More damaging is the brand-new plot thread of Dan's son Will (Logan Lerman), one of those movie brats who hates his dad for being a sad-sack failure instead of a wealthy success. The relationship between father and son is hardly more complicated than, say, the loathsome scenes in A Night At The Museum where Ben Stiller is forced to cringe with depression because his dipshit kid is sad that daddy doesn't make enough money. This imposition of a bizarre new Hollywood trend -- characters striving to achieve solely to impress their kid(s) -- on an incongruous genre isn't just annoying, but forces major readjustments to the plot that drag it into the groaningly implausible. Mangold throws the whole film away at what should be its crowning glory -- the inevitable stand-off between Dan and the entire gang -- through a series of twists grounded in nothing that's come before. A key psychological shift has to be made at the end in Wade and Evans' relationship; it works in the original, but the kid completely derails psychological plausibility here. Maybe Mangold got confused and thought he was remaking Shane.
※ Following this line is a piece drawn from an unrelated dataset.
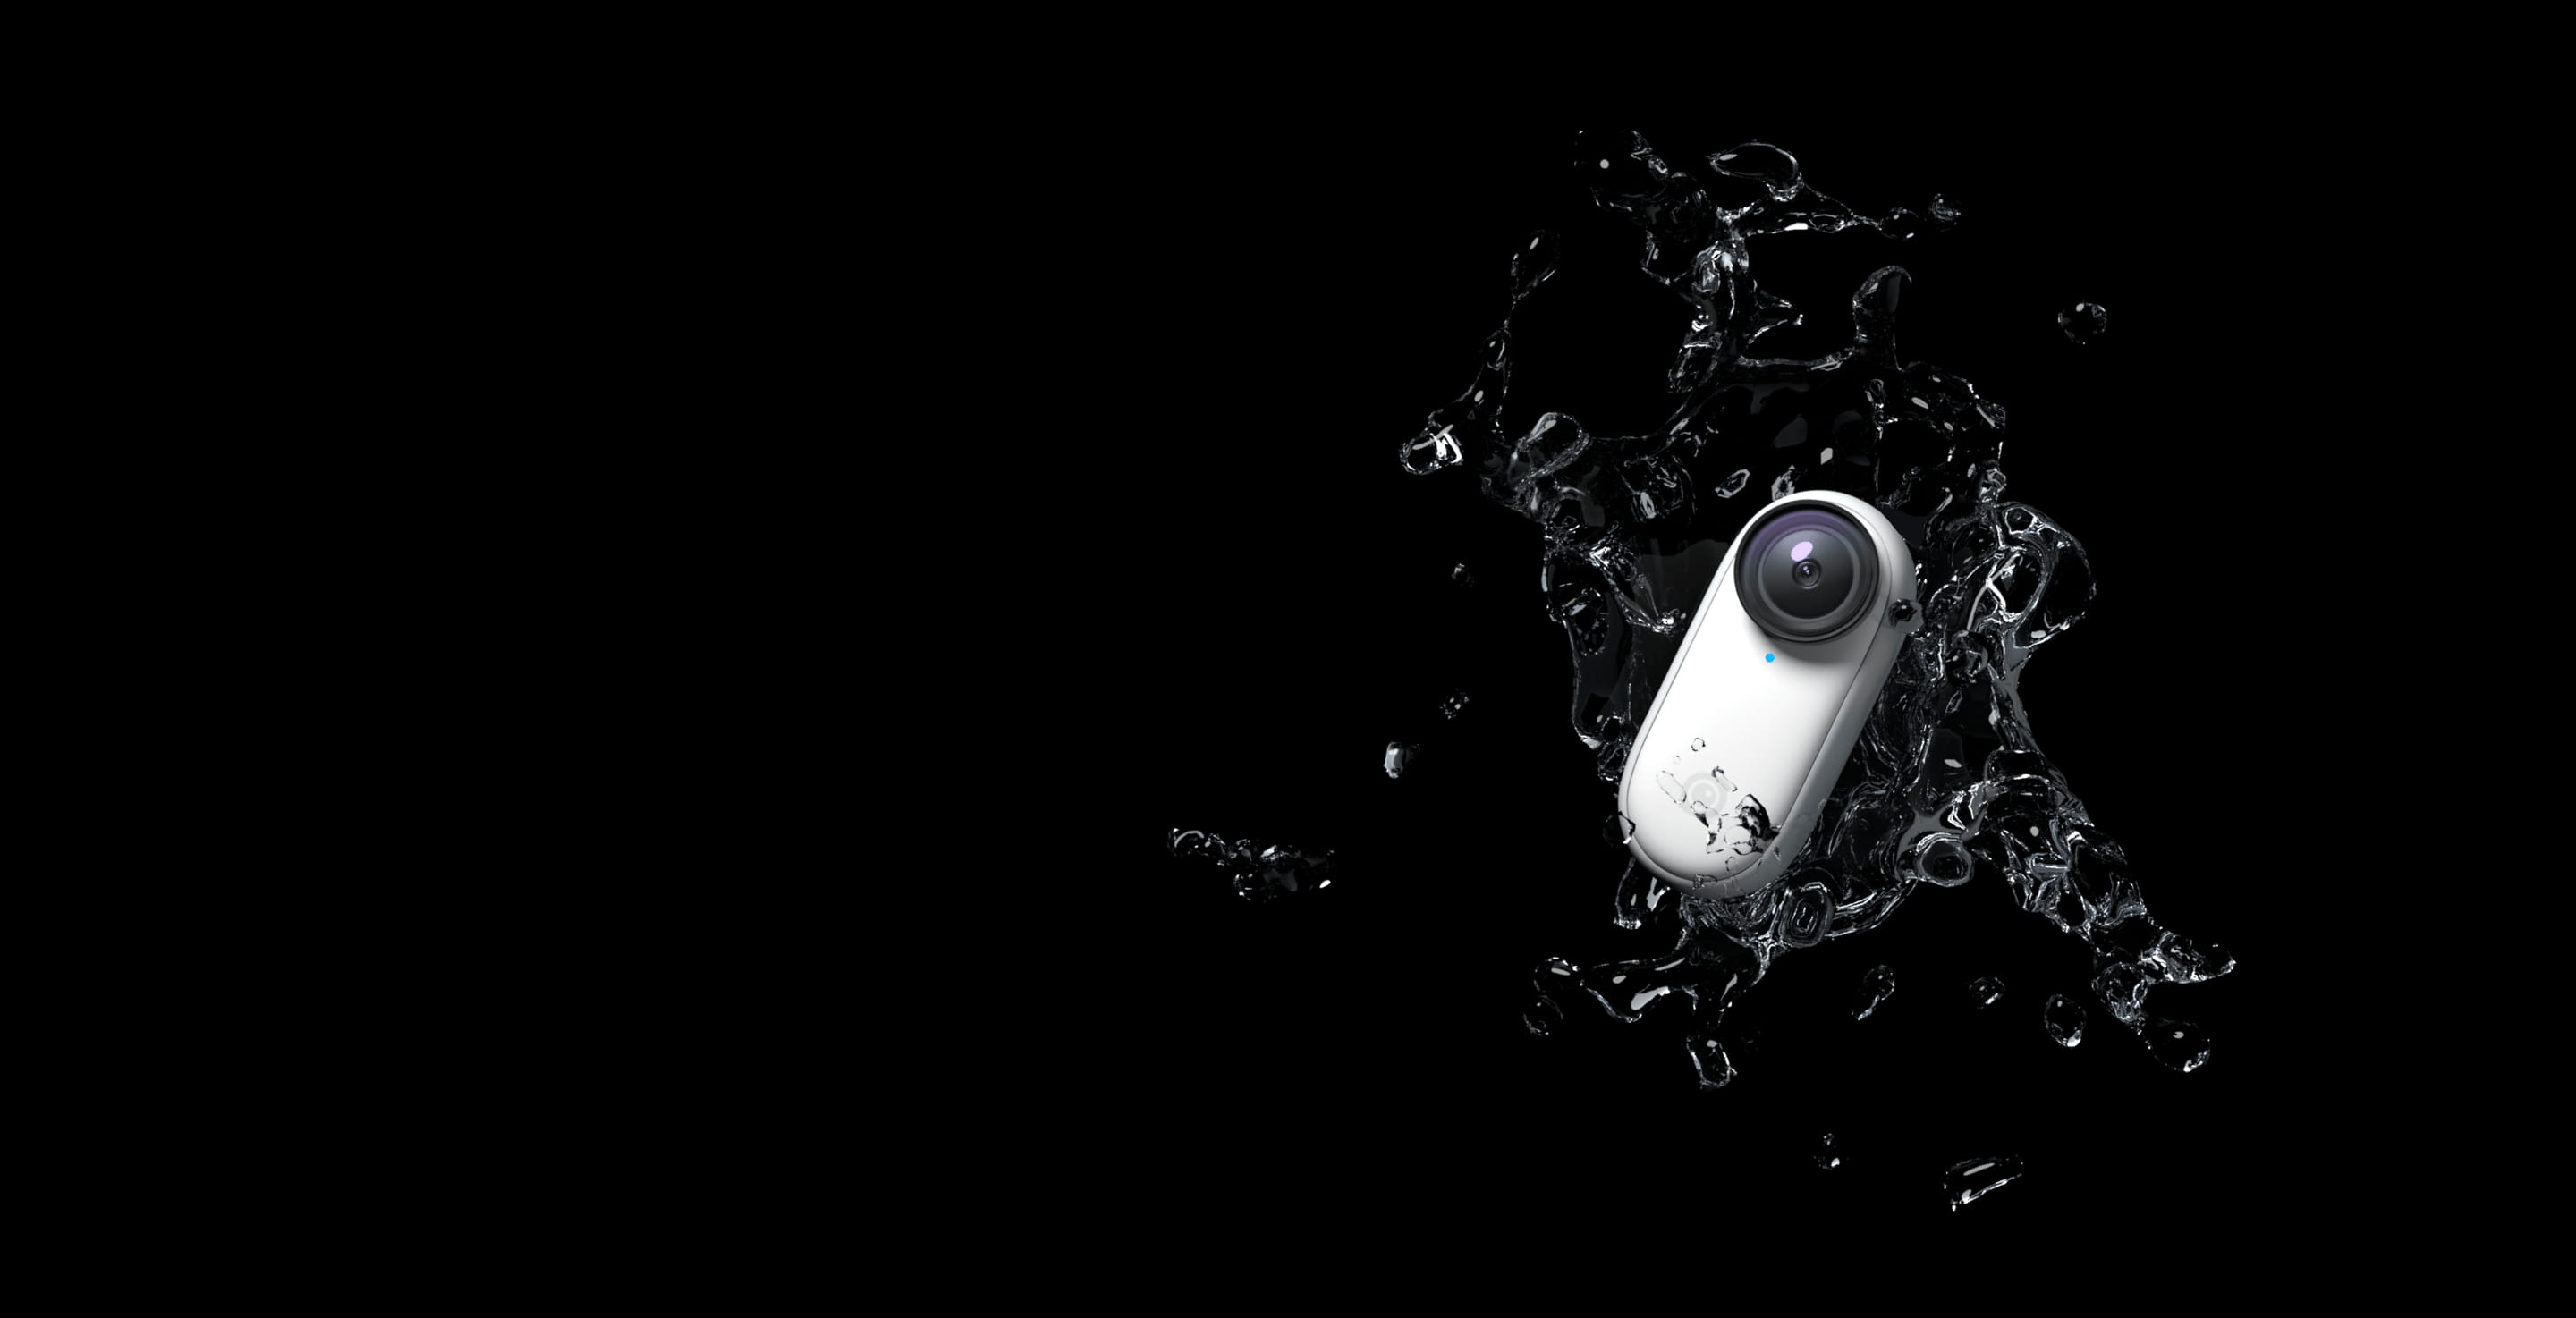 Insta360 GO 2 – The World's Smallest Action Camera

Other grafted-on elements weaken the movie further -- wife Alice (Gretchen Mol) chastises Dan, complaining, "We're supposed to make decisions together," as if the equal-power couple were a 19th-century norm, along with a fair amount of ignorable but unnecessary Biblical subtext. But admirably crisp Peckinpah repartee powers most of the movie. Between its maudlin father-vs.-son opening and poorly judged ending, Mangold manages the substantial task of updating the Western without slavishly sticking to outdated modes: It's a well-done action movie in a Western setting, not an archetype retrospective. Worse revisitations of venerable institutions have been made.